I have worked on a number of older homes in my area, having to cut holes into plaster/lath walls. I have used drywall to make repairs but I add some backing to the area where the drywall will go. I have even had to enlarge the opening to get wood into the area so I have something to attach the drywall to. Once attached, finish it out as ususal-although a bit more work there, repaint and all should be well. David


----------



## BigJim (Sep 2, 2008)

From my experiences working with antique homes, removing the plaster is quite a messy job. Be sure to wear a mask as it is very dusty. The plaster is held to the wall with lath. Lath is wooden strips nailed to the studs with a small space between the lath. The plaster is applied to the lath and most times the plaster had horse hair as a reinforcement. 

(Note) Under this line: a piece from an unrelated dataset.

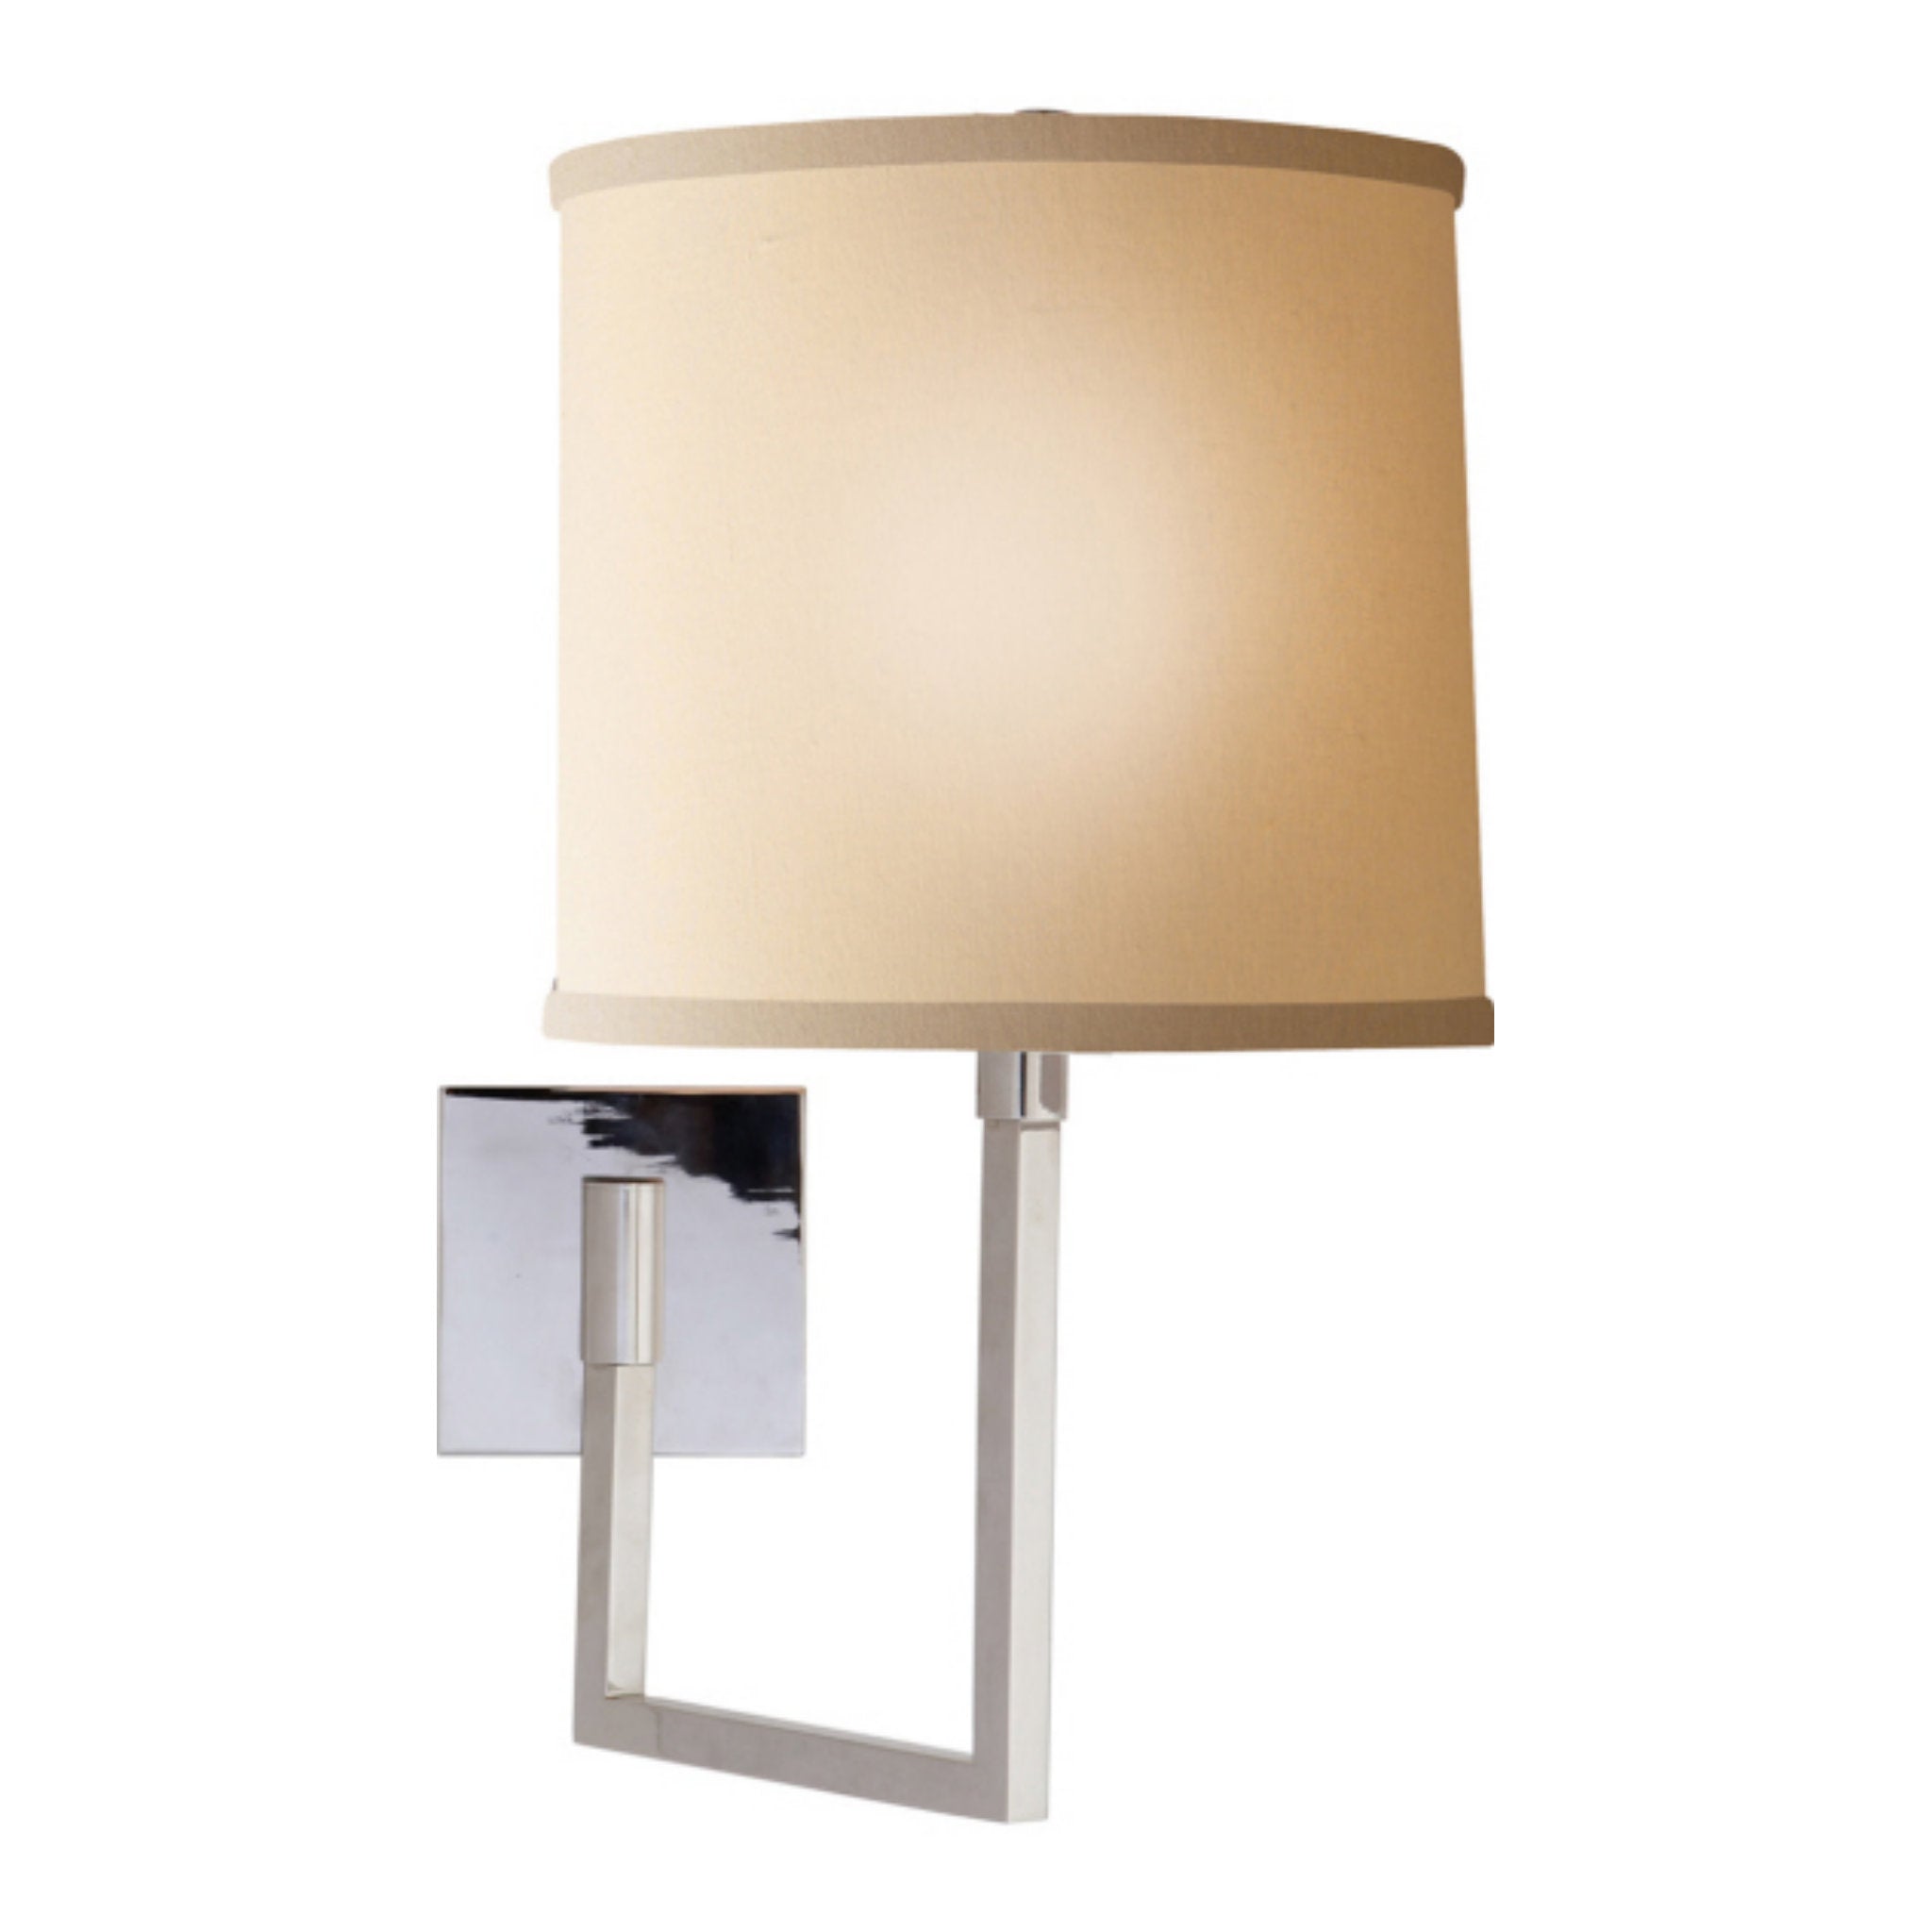 Barbara Barry Aspect Large Articulating Sconce in Polished Nickel with Ivory Linen Shade

There was never insulation in the walls unless it was added at a later time. If you have to remove the plaster and install drywall there is a chance the studs are not the same dimension so be prepared to make adjustments there, just in case. While you have the walls open it would be a good time to update the electrical.


----------



## 1910NE (Sep 5, 2010)

Plaster walls do not mix well with water. It will take about seven years for the plaster to dry out if it has gotten any significant amount of water in it. If the plaster got wet from the leaking roof, it needs to come out. That's from very recent experience.

Also, from recent experience...unless someone blew insulation in from the outside, you are not likely to find any behind those plaster walls. Also, your exterior walls are most likely to be 2x4 (a full 2x4, not 1.5x3.5) and the interior walls should be 2x3, not including the lathe.


----------